Set an intention to try a class, sport or skill you’ve always wanted to do but haven’t tried so that your personal movement practice becomes truly holistic.


New experiences serve as a gateway for deeper exploration and plant the seeds for your own personal movement practice.  I encourage a holistic approach to health and fitness.


Hopefully, exposure to the different movement curriculums at 34°N will serve as a gateway for deeper exploration and plant the seeds for your own personal movement practice.  


We teach a holistic approach to health and fitness and our personal training programming and variety of group classes represent the entire movement spectrum.


While you may not buy a set of kettlebells to lift at home, there are certainly elements of every training session at 34°N that you can spend some time developing on your own.


My recommendation is to start with things you really enjoy that make you feel uplifted, happy, strong, or accomplished. Start to play with them a little when you aren’t in the gym.  Once you have some momentum start integrating some of the things that you find most challenging so you can improve on some weak points.  


Let the strength and skills you accumulate in the gym open a gateway to interact with your environment in an entirely new way.  You can climb trees, jump over things, test your balance on the top of a low wall, hand balance or pick up a new activity like tennis or martial arts.  


The point is to use the physicality you’ve developed in the gym to do something you can lose yourself in through play.  


“Losing yourself” is the experience of being so completely one with your actions in the present moment that you lose the separation between the self and the doing.  The self “becomes” the doing.  You become the dance, the ring flow, the run or combination of punches on the mitts.   Another way to put it is that the fuel becomes the fire.   


Take a moment to consider what movement resonates with you.  Do you ever get urges to move in a certain way?  I’m certain you do even if you don’t realize it.  Do you ever hear music that makes you want to dance?  Do you get the urge to bound up a flight of stairs two or three at a time?  Do you find yourself daydreaming about a sport you play?  
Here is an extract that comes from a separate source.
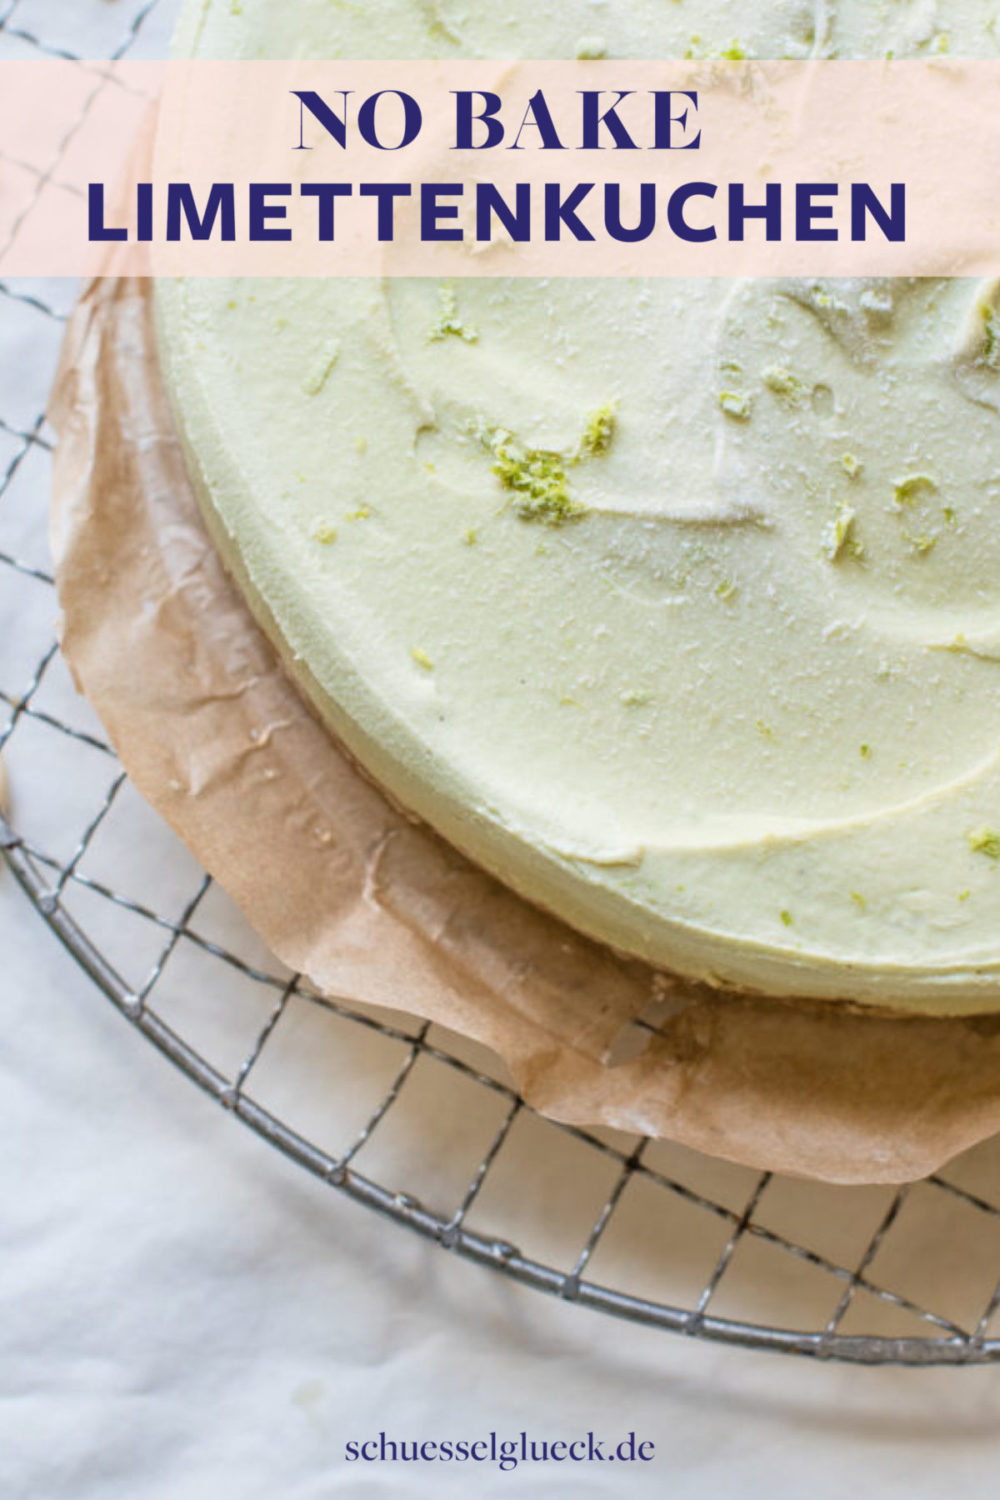 Veganer Key Lime Pie 2.0 – unser liebster Sommerkuchen direkt aus dem Kühlschrank (ohne backen)
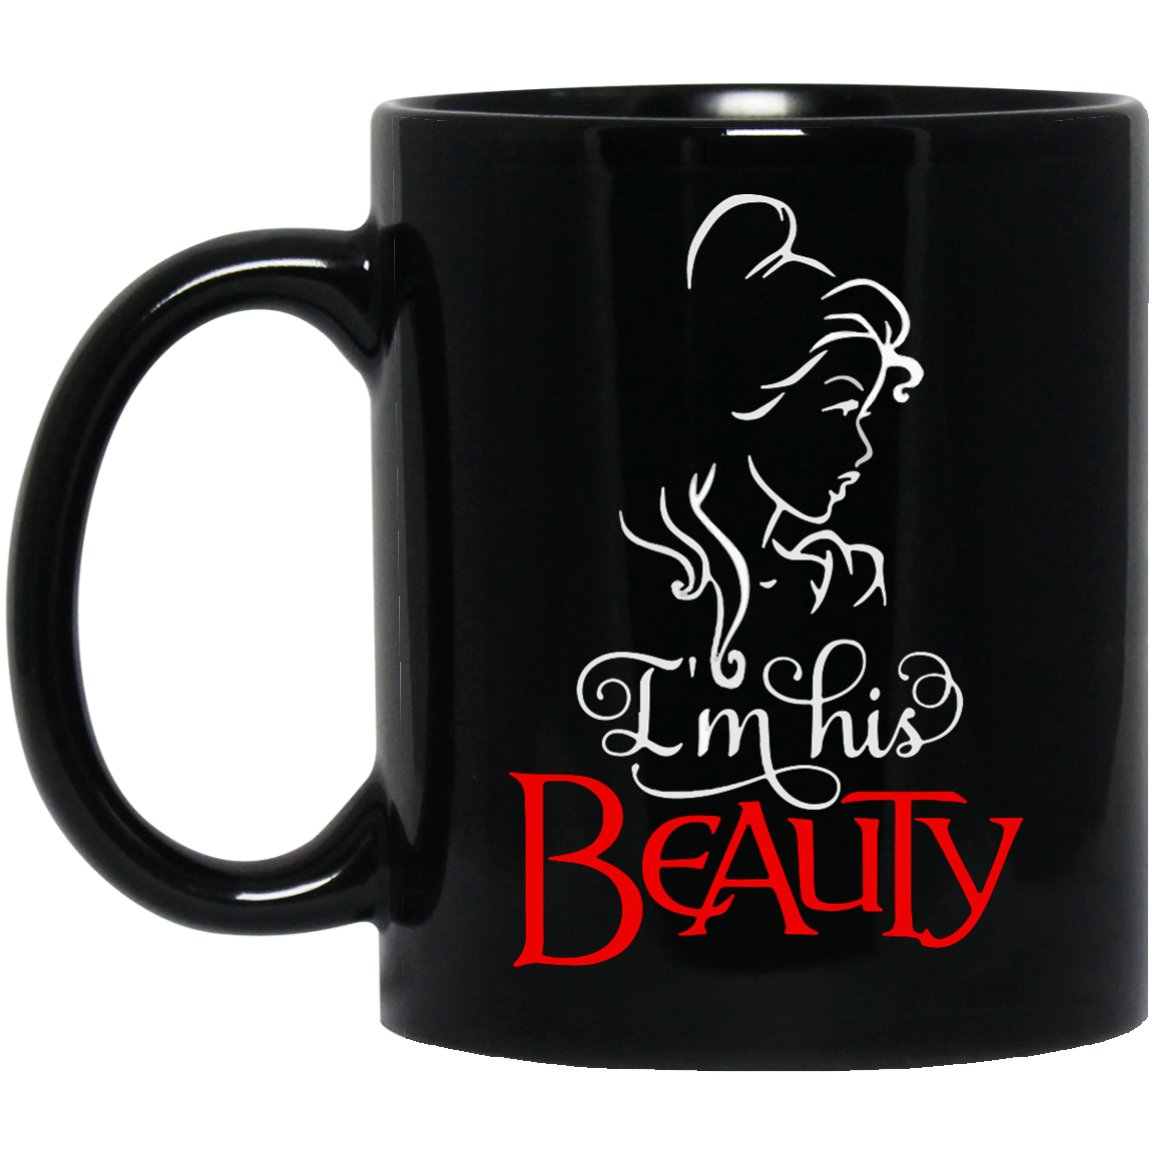 Beauty and the Beast: I'm his Beauty mugs

A personal movement practice is important because of it’s potential to become a lifelong habit.  It’s something you want to do, rather than something you feel you have to do.  It’s the flip side of the things you should do to ensure health, longevity and wellness.  


Deadlifts, pull-ups, and metabolic conditioning are examples of things you should do but may not love.  They’re like the greens you need to eat everyday.  When you have a personal movement practice your value of those things appreciates because you see how they improve your ability to do the things you love.  


Things evolve to a point when you realize the things you need to do are connected to the things you love to do.  Even though they’re at opposite ends of the pole, they’re still on the same pole.  The middle of the pole is where they connect, where they become one.  When you experience that awakening you find a movement practice that you’ll want to continue for life.  It’s no longer a “workout” box that needs to be checked everyday.